The only thing of any value they had extracted from Peggy was the location of Holmes’s little place in the country. This, as they had expected, was out the North Road and some six miles beyond where the body had been found; and it was to this property that they went at once, Inspector Briggs, Mr. Sullivan, a plain-clothes man whose name I never heard and Herbert Dean, still carefully holding and protecting that desk blotter.

“Be careful, Smith!” the Inspector admonished the uniformed driver. “Mr. Dean back here has got the whole story of these crimes in his lap. Spill him and you lose your job!”

There was no difficulty whatever about finding the place, which they reached rather late in the afternoon. Reticent as Holmes had always been about it, there was no attempt to disguise his ownership of the property, for on the narrow dirt road leading in from the highway a mail box on a post was marked W. Holmes in plain black letters.

The car turned in there and the officers got out at the house.

It was a neat and not unattractive cottage of the bungalow type, built of wood and with a small detached garage, and surrounded by a dozen acres or so of land which had at one time apparently been a market garden. Now it lay uncared for and weed-grown in the August sun, and after a glance around the officers turned their attention to the bungalow.

It was locked; locked so securely that even Herbert Dean, who was according to the Inspector one of the best picklocks out of prison, was unable to effect a peaceable entry. They broke a window finally, and one after the other they crawled inside.

The place was untidy but comfortable. There was a living room of sorts, a bedroom, a kitchen and a dining room which had clearly been devoted to other purposes. The Inspector glanced around him and sniffed.

“Packed it here,” he said. “Where’s the cellar, Sullivan?”

“Right under the house, I imagine,” said Sullivan cheerfully. “They mostly are.”

Three of the men went down the cellar stairs finally, to find there what they had expected; a small still, or “cooker” as the Inspector called it, a vast array of bottles and so on. But Herbert Dean did not go with them. He was making a slow and painstaking inspection of the living room and the bedroom, which in the end yielded him nothing except a half-dozen books—entirely of the crime variety—a box of labels of an excellent English whisky, and a notebook containing the names of some of our best citizens.
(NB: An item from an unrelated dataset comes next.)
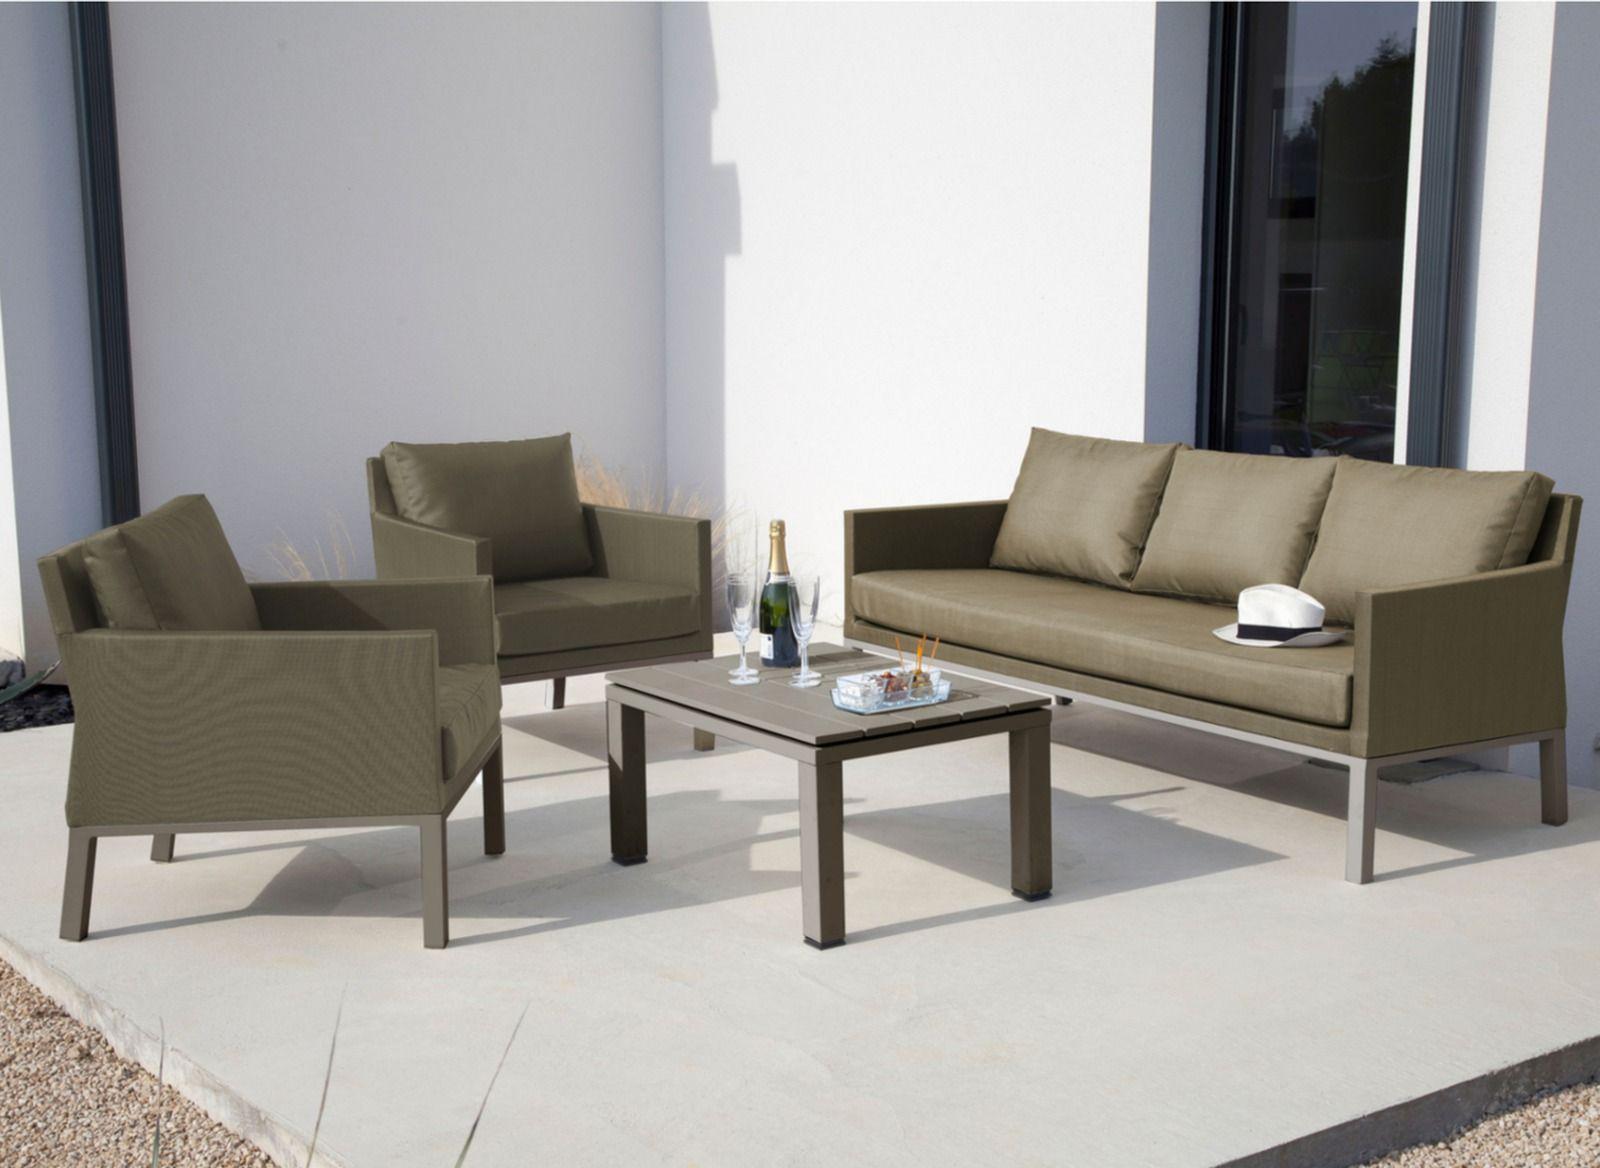 Salon de jardin canapé, fauteuils + table basse Oslo - Proloisirs ...

He did better in the kitchen, however. Holmes had evidently done everything in his little country place but eat there, and the stove revealed itself as a dumping place for everything from broken glass to old newspapers. When the others emerged from the cellar they found him on the dirty kitchen floor, with a bed sheet before him and on it a miscellaneous assortment of old razor blades, defective corks, cigar ends and what looked like a book until it was opened, and then revealed itself into the type of receptacle sold in a good many stores and generally used for cigarettes.